Today, the church and the cemetery are the only remnants of that once-flourishing community. 

Now, Coleman-Adebayo says, the BACC is focused on a central demand: the immediate return of over 200+ remains taken from a site adjoining the cemetery by a contractor. 

In 2020, the contractor hired a group of archaeologists to excavate the site. The group discovered bone fragments in the soil, but ultimately determined them to be animal remains. The coalition, however, alleges that the bones have yet to be formally tested. Given the area’s history, they find it likely that the fragments are human remains.

Through the Maryland Public Information Act, the coalition discovered that the bones were then moved to a warehouse in Virginia, says Coleman-Adebayo.

Moving forward, Coleman-Adebayo finds it crucial to not only demand the return of the bones, but to also organize the descendant community and develop a plan of action.

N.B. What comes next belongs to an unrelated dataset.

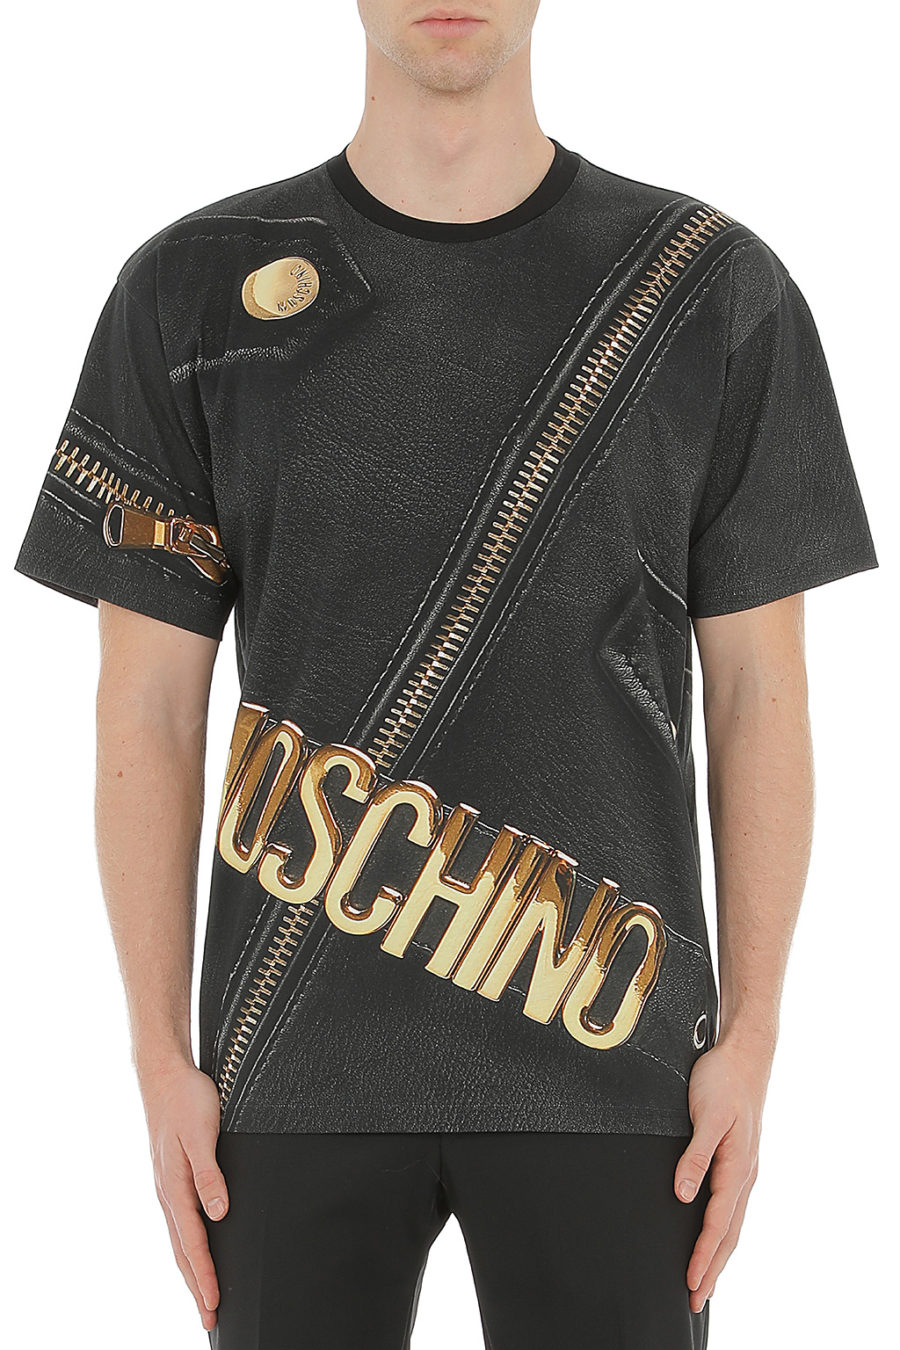 T-shirt Moschino Couture noir avec zip doré - 0709 5240 1888

In addition to holding an emergency conference with descendant communities and social movements from across the U.S., the BACC has recently attended two HOC meetings to express their demands. In doing so, they sought to develop coalitions with other “victims of HOC” and “educate that community about HOC’s commitment to destroy and erase African history.”

“We consider the struggle that we’re engaged in a foundational struggle as opposed to a symptomatic struggle,” Coleman-Adebayo said. “We see police brutality, the murders of young Black boys, a lack of equality around voting rights, as symptoms of White supremacy. But we’re…fighting at the level of structural White supremacy.”